Oracle Crash Recovery
In this post we will discuss how oracle does crash recovery or instance recovery. Crash recovery is when oracle database is restarted after crashing while running due to any reason(power gone,resource shortage etc.). Oracle database has to return to a consistent state after the restart. Before the crash many transactions may be inflight which were not committed yet and some of the transactions might have been committed but because the crash happens before the check pointing the data files on disk and the data blocks related to those transactions may not have been written to by DBWR process. So after the restart oracle db should have only the committed transactions before the crash and any uncommitted transactions should be discarded. The committed transaction details must have made it to the disk but there may be uncommitted transaction changes also present on disk. the uncommitted block being present on disk is not very obvious and we will try to demystify this phenomenon in this post. For understanding this we would have to delve into the oracle db architecture. Three background processes are at play here lgwr,dbwr and ckpt.

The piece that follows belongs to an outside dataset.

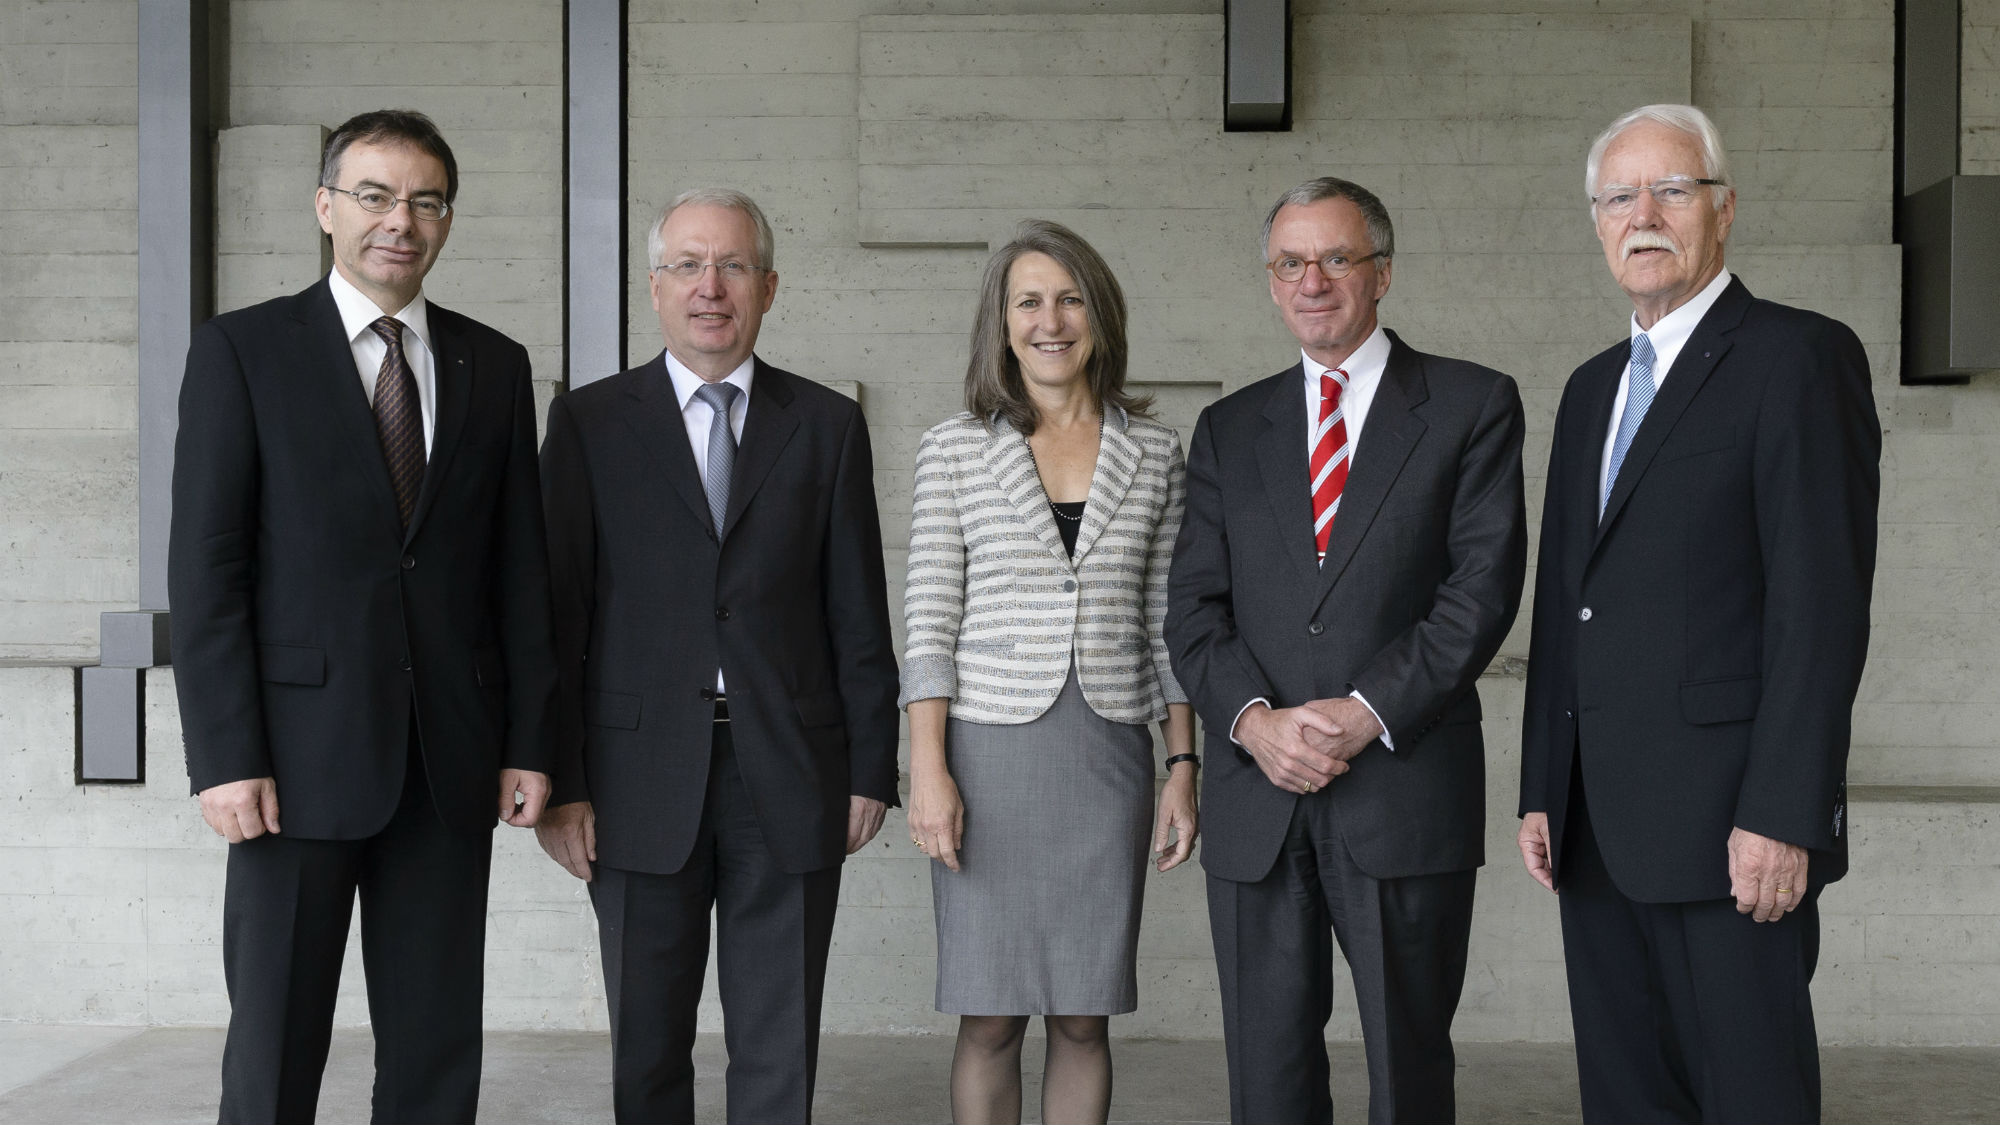 Honorary Doctor of Economics 2013 Prof. Dr. Günther Gebhardt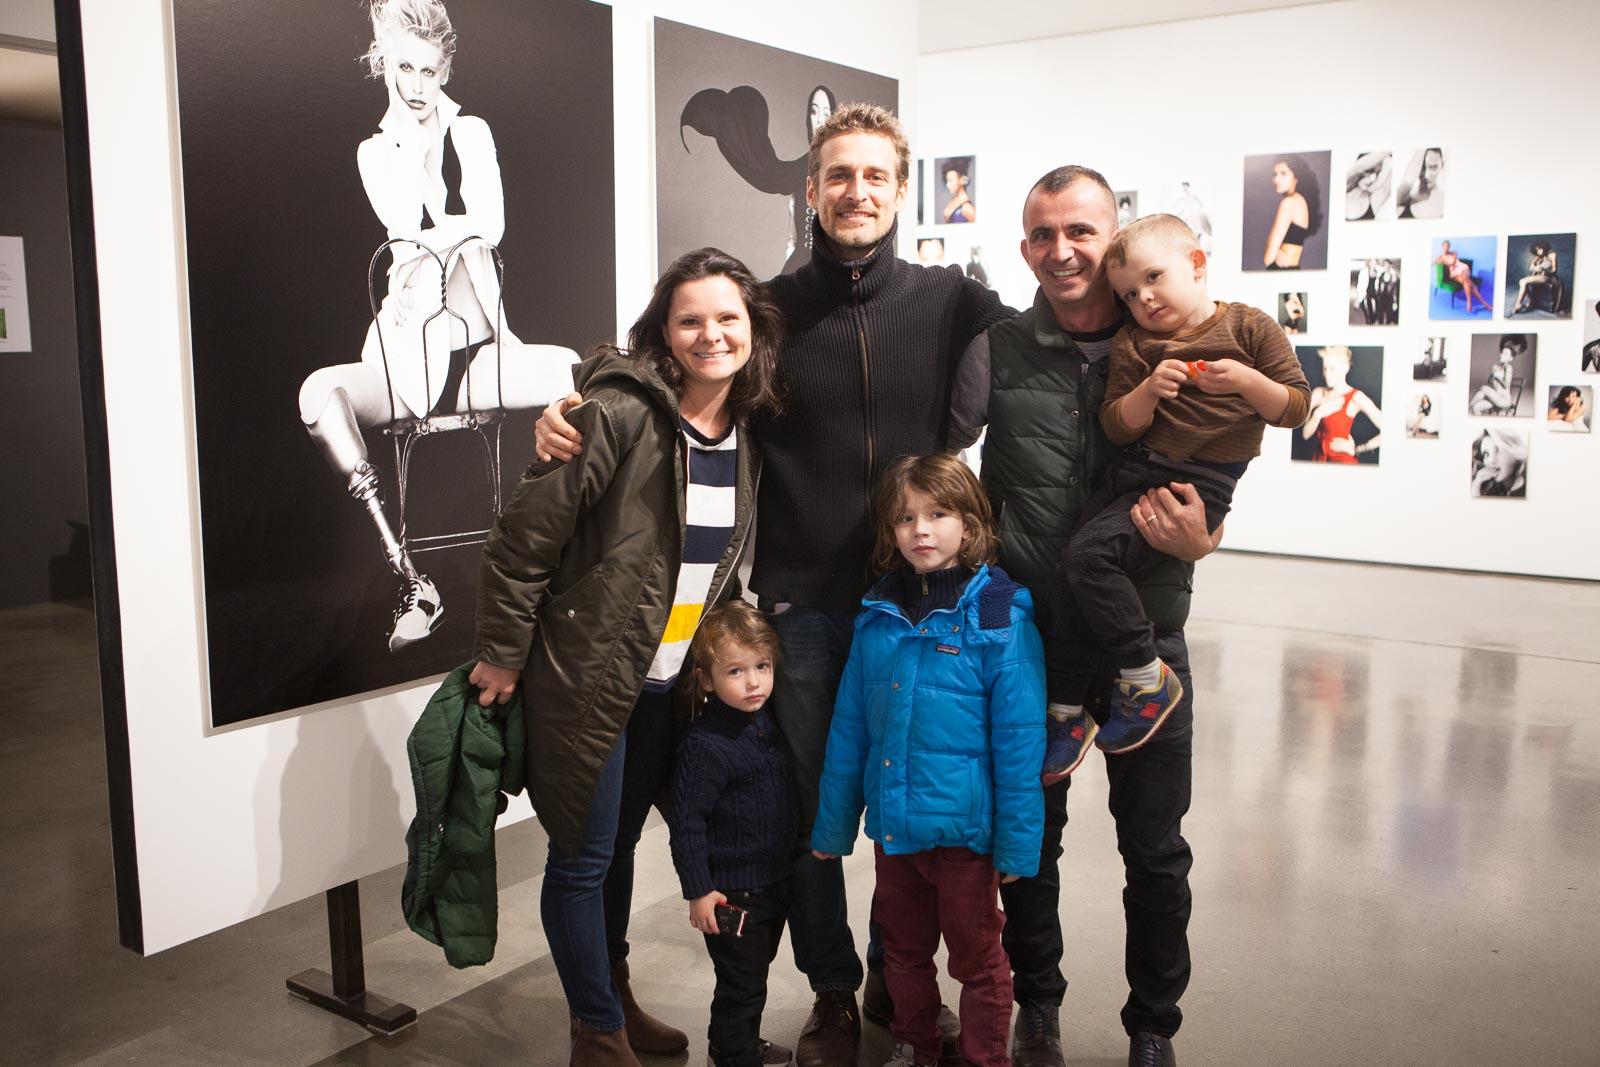 alexi-lubomirski-diverse-beauty-exhibition-robertiaga-17

1. LGWR ? Whenever any transaction is committed writing to oracle data files synchronously can be very costly as oracle would have to find the actual blocks which have to be written to on the disk and these blocks may be scattered and random read/writes on disk is very expensive. So oracle writes all the changes done to it in a file which is only in append mode and is written sequentially. This file is called redo log and any changes done to the db can be replayed from it. LGWR is the process responsible for writing to the red logs from redo log buffers. Redo log buffers are circular in nature and they are reused. As soon as any transaction is committed LGWR persists the data in redo logs and signals the db after which user receives the message of commit successful. Sometimes during period of high db activity even before commit the redo log buffers can be written to log files in case buffer is filled more then 1/3 rd. This way uncommitted data also makes it way to the disk.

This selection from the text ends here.